Of the 55 patients with initial audiologic exam results, 32 patients (58.2%) exhibited hearing impairment. In accordance with previous studies, of the 32 cases, conductive hearing loss was most common (18 cases, 32.7%), followed by mixed-type hearing loss (3 cases, 5.5%), and sensorineural hearing loss (2 cases, 3.6%). Nine patients underwent PTA without bone conduction or play audiogram due to poor compliance or young age, thereby classified as inadequate hearing loss. Among these 9 cases that displayed insufficient audiograms with limited evidence of an air-bone gap, 6 cases showed accompanying middle ear effusion, thereby falling under the conductive hearing loss category (Table 1).

Otitis Media

Approximately 70% of the total subjects (51 cases, 69.9%) exhibited at least unilateral middle ear effusion (MEE) as observed under tympanic endoscopy. Of these, 32 cases underwent VTI. This procedure was typically performed at an average age of 4 years. In 50% of these cases, the MEE was resolved, but in the remaining half, the MEE recurred, necessitating multiple reinsertions. A review of the audiograms of 12 patients who underwent postoperative hearing evaluations following the resolution of MEE revealed a persistent air-bone gap in 8 cases (66.7%) (Table 2). This suggests that the hearing impairment cannot be solely attributed to MEE. Instead, concurrent anatomic anomalies may also play a role.

Table 2.

Physical Exam Results and Ventilation Tube Insertion History of Subjects with Follow-up Audiogram (If Available)
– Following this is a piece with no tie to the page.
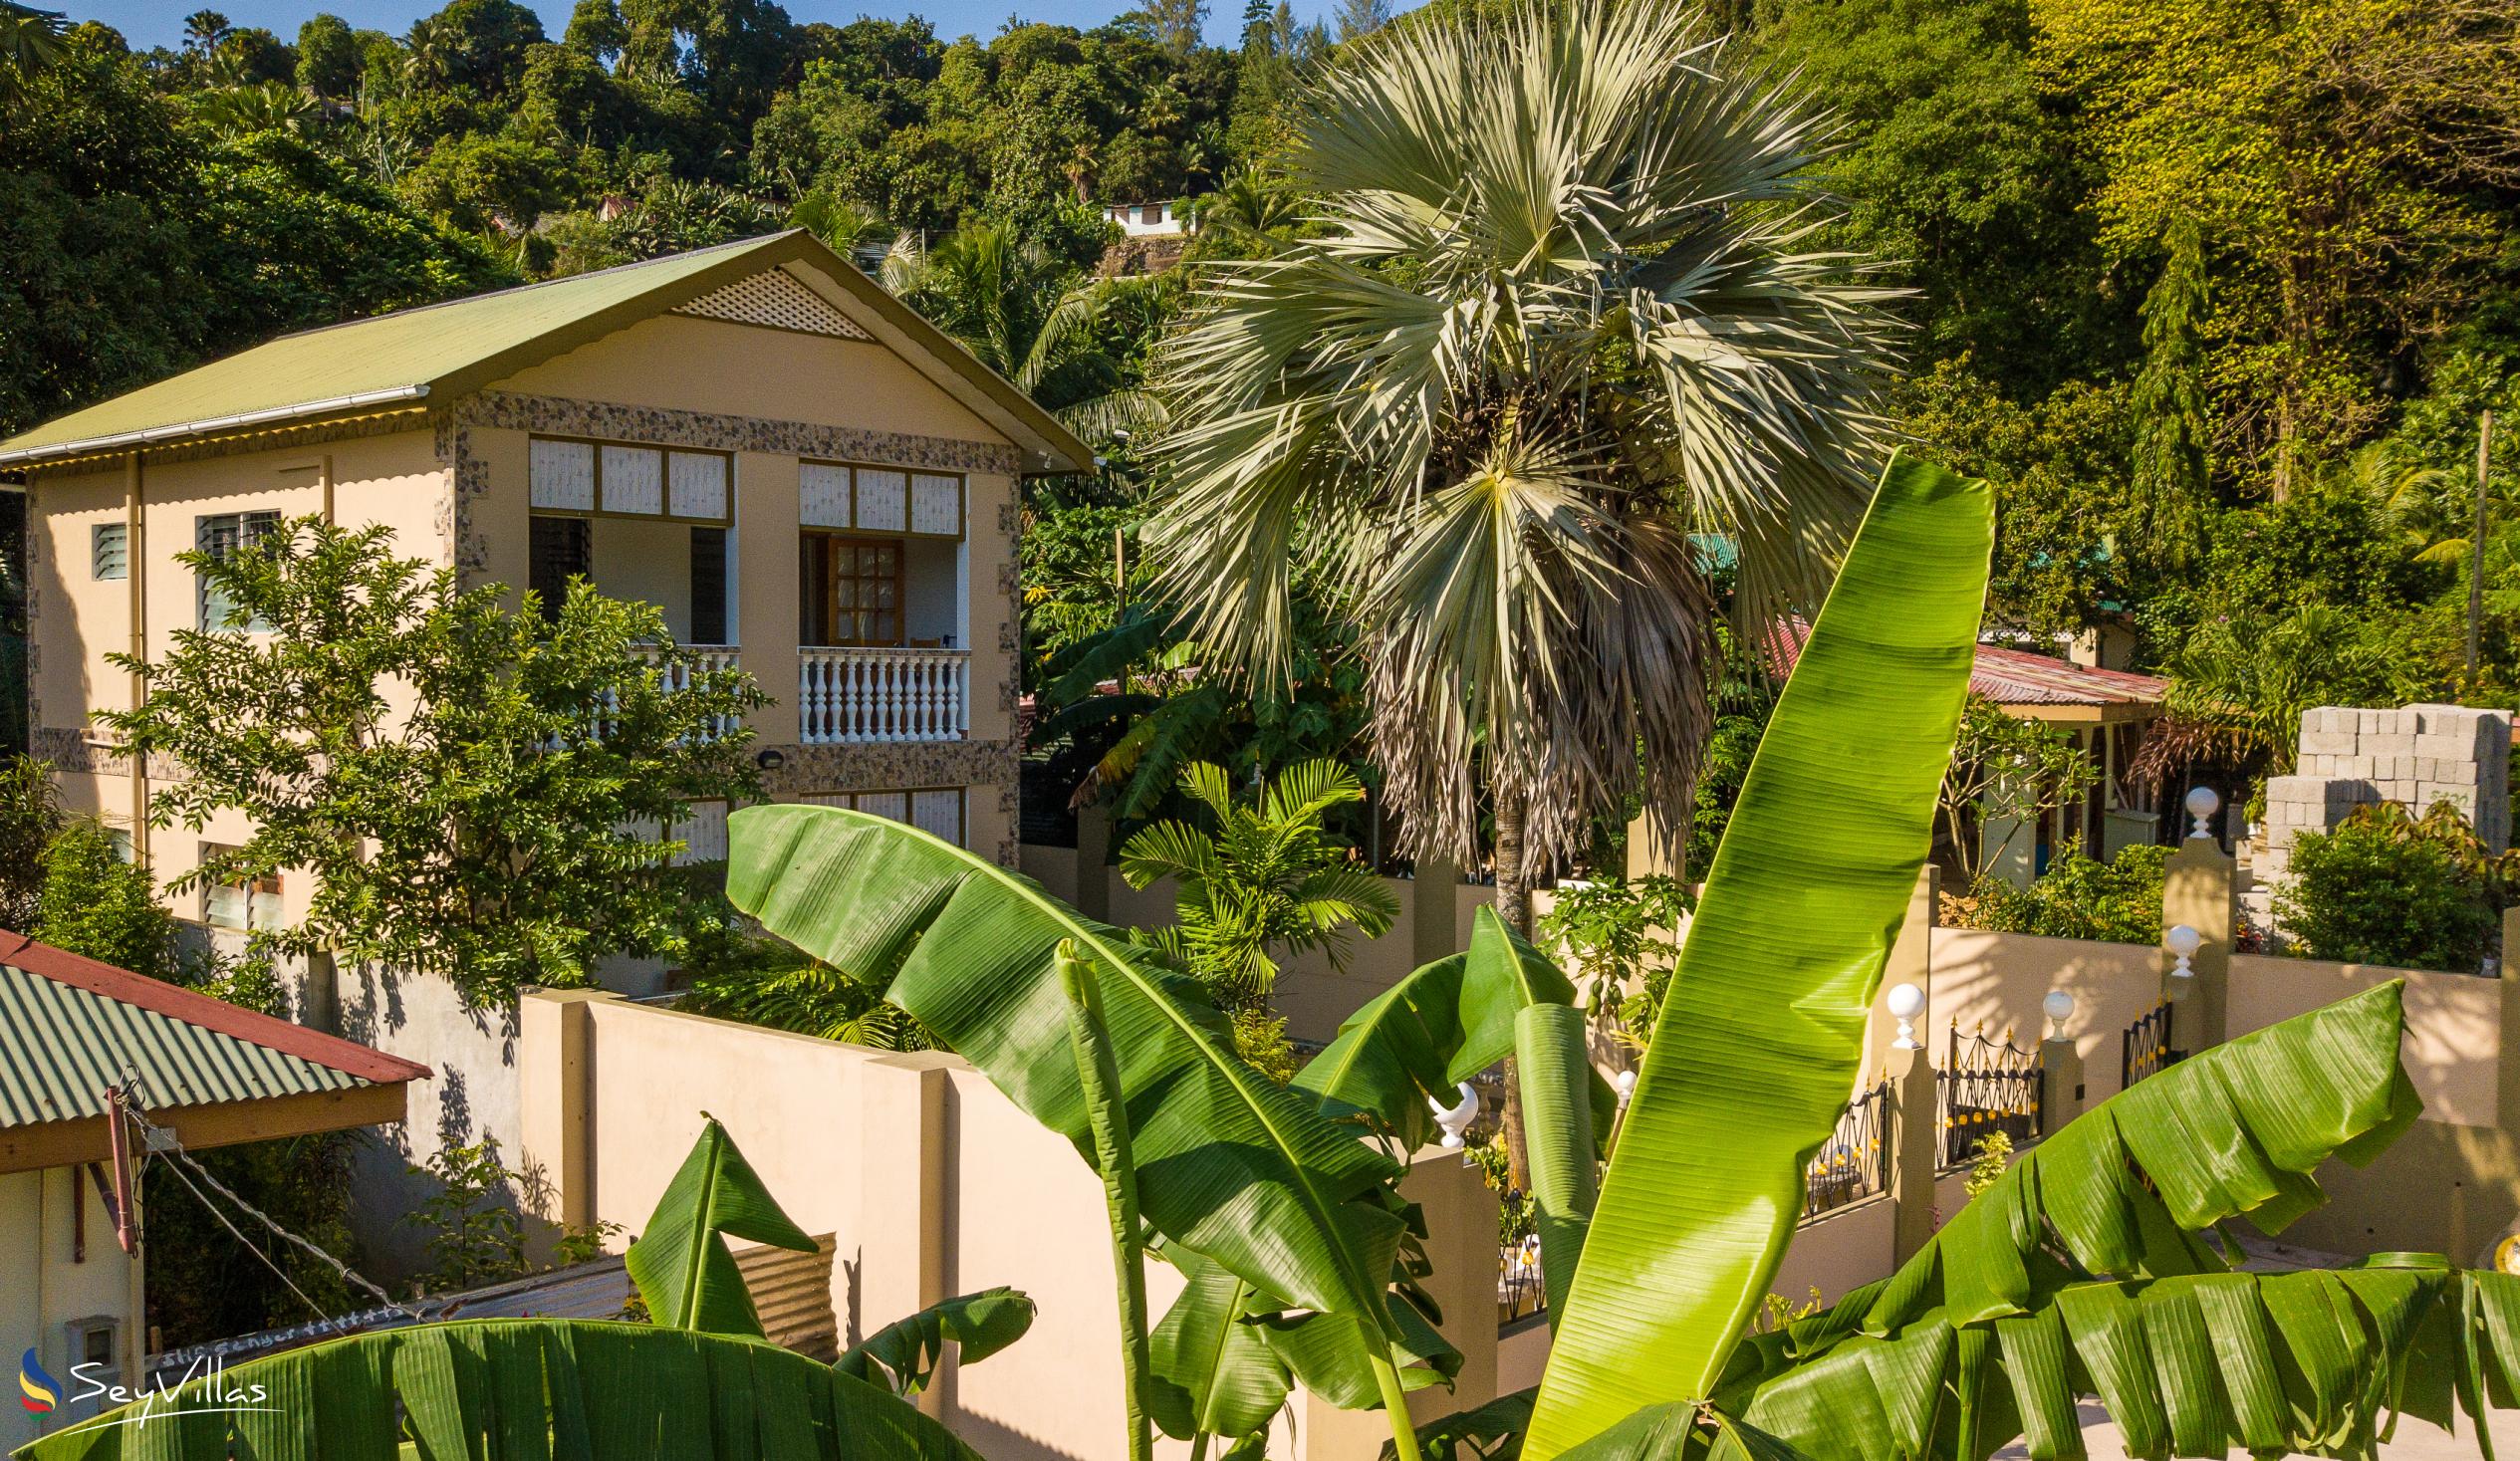 Foto 7: La Residence d'Almee - Aussenbereich - Praslin (Seychellen)

Characteristics	Total Subjects (n = 73)
Physical examination	n = 73
Normal	22 (30.1%)
Unilateral MEE or retraction	9 (12.3%)
Bilateral MEE or retraction	42 (57.5%)
Adenoid hypertrophy	16 (21.9%)
Ventilation tube insertion	n = 32
Age of first tube placement (year ± SD)	4.06 ± 5.37 years
Single insertion	16 (50.0%)
Multiple insertion	16 (50.0%)
Postoperative hearing evaluation	n = 12
Resolved conductive hearing loss	4 (33.3%)
Remained air-bone gap (≥10 dB)	8 (66.7%)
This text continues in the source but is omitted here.